A system for coordinating error tracking, level setting and reporting among the various layers/components of a distributed storage system. Each component of the distributed system includes a trigger generation and response (TGR) utility, which generates an error tracking trigger (ETT), comprising: (1) an action that the initiator wants the stack's error tracking mechanisms to take; (2) a message that the initiator wants the stack to immediately post in its logs; and (3) a route/direction that the trigger is to be transmitted through the stack. The ETT is transmitted one layer at a time through the stack, and each intervening layer of the stack is equipped with a utility to examine the ETT and take the appropriate action(s), designated by the trigger. An error log is maintained by each layer of the stack and used to record information about the error and enable user determination of the source, timing and cause of errors.

Description

    BACKGROUND OF THE INVENTION
  • 1. Technical Field
  • The present invention relates generally to computer systems and in particular to distributed storage systems. Still more particularly, the present invention relates to a method and system for improving error analysis and reporting in computer systems that include distributed storage systems.

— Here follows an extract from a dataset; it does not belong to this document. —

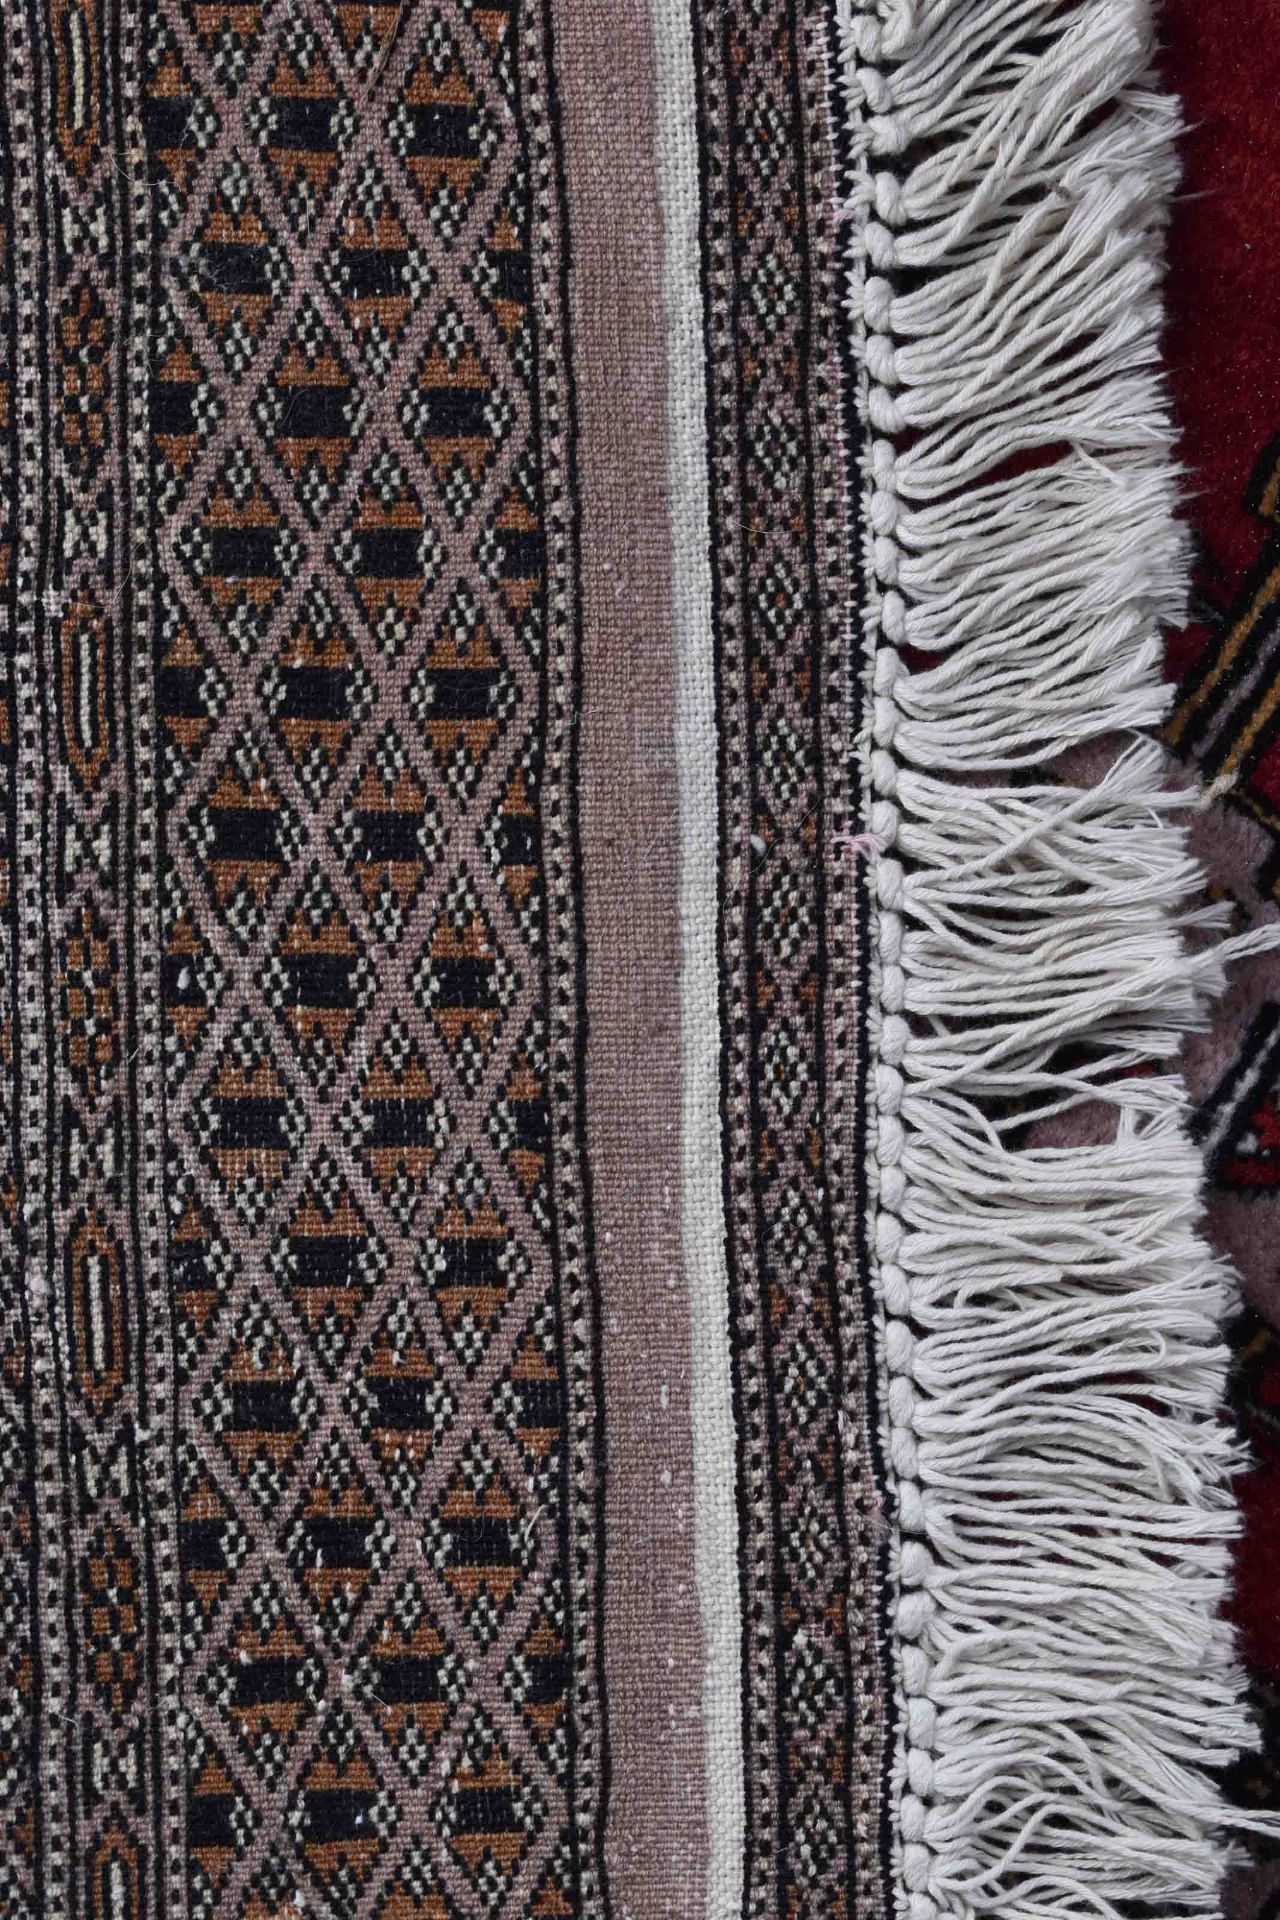 Alter Orientalischer Teppich197 cm x 128 cmOld oriental carpet197 cm x 128 cm - Bild 4 aus 4

  • 2. Description of the Related Art
  • Distributed storage systems are being more commonly utilized in the computer industry. Over the last several years, significant changes have occurred in how persistent storage devices are attached to computer systems. With the introduction of Storage Area Networks (SANS) and Network Attached Storage (NAS) technologies, storage devices have evolved from locally attached, low capability, passive devices to remotely attached, high capability, active devices that are capable of deploying vast file systems and file sets.

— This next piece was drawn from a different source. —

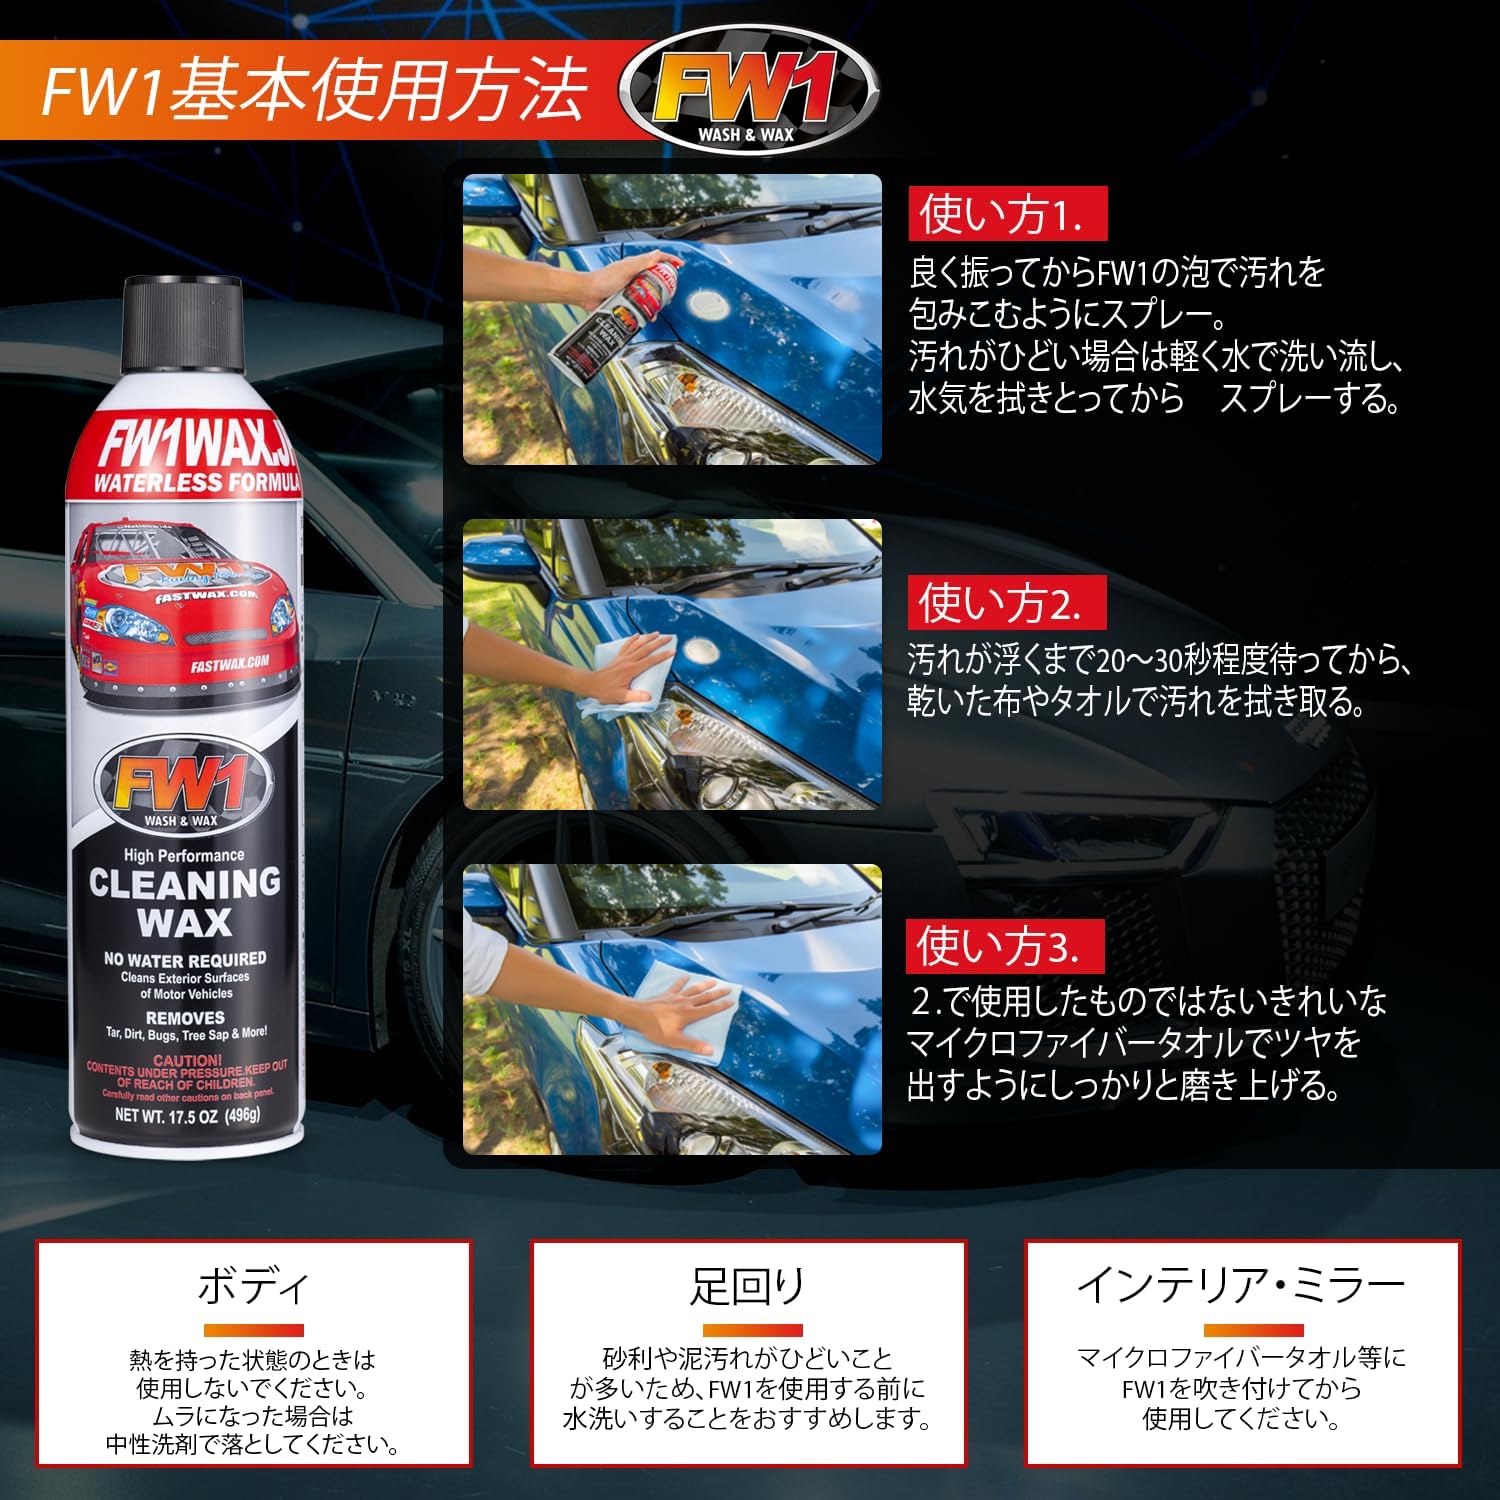 Image describing how to use FW1 car wax

  • As the storage devices and infrastructure become more and more distributed, isolating and correcting errors that occur within the distributed system becomes much more difficult. While a system administrator or monitoring component is made aware of the error, it is not easy to determine where within the distributed system the error actually occurred. The administrator is forced to implement a time consuming device-by-device analysis to determine whether the error occurred in the database, the file system, the storage device driver, the network connecting the distributed storage to the host system, or the distributed storage server.

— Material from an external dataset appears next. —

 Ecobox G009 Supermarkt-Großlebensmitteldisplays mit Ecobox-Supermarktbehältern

  • A major contributing factor to the problem with conventional error resolution within a distributed system is the fact that error tracking and reporting in distributed storage systems is not coordinated. When a problem is detected on the host system, the occurrence/detection of the problem is not conveyed to the storage server(s). As a result, error tracking and logging may not even be turned on at the storage server(s). Conversely, when an error is detected at a storage server, the error is not reported to the host system, and error tracking and logging is not turned on at the host system.
  • Notably, even if tracking is turned on at both the storage server and the host system, it may be impossible to correlate events because the time stamps at each system differ. Additionally, the target and/or level of tracking at the host system and storage server may be incompatible. As an example, the host may be tracking storage writes at the highest level of detail while the storage server logs only the fact that a write to the device has occurred.
  • There are several current procedures for collating system trace and error logs in a distributed computing environment. Among these procedures are ones created by “syslog” a program utility introduced in BSD 4.2 and available on most Unix variants (e.g., AIX, Solaris, Linux) and “streams,” another program utility originally introduced as part of AT&T System V UNIX. Syslog provides a set of procedures that are not storage system specific. Streams provides a mechanism that enables a message to bi-directionally transverse a stack. However, the mechanism is not applied to error tracking and reporting.
  • U.S. Patent application, No. 20020188711, titled “Failover Processing in a Storage System,” provides policies for managing fault tolerance and high availability configurations. The approach encapsulates the knowledge of failover recovery between components within a storage server and between storage server systems. The encapsulated knowledge includes information about what components are participating in a Failover Set, how they are configured for failover, what is the Fail-Stop policy, and what are the steps to perform when “failing-over” a component. However, there is no mechanism for tracking errors across the entire storage system.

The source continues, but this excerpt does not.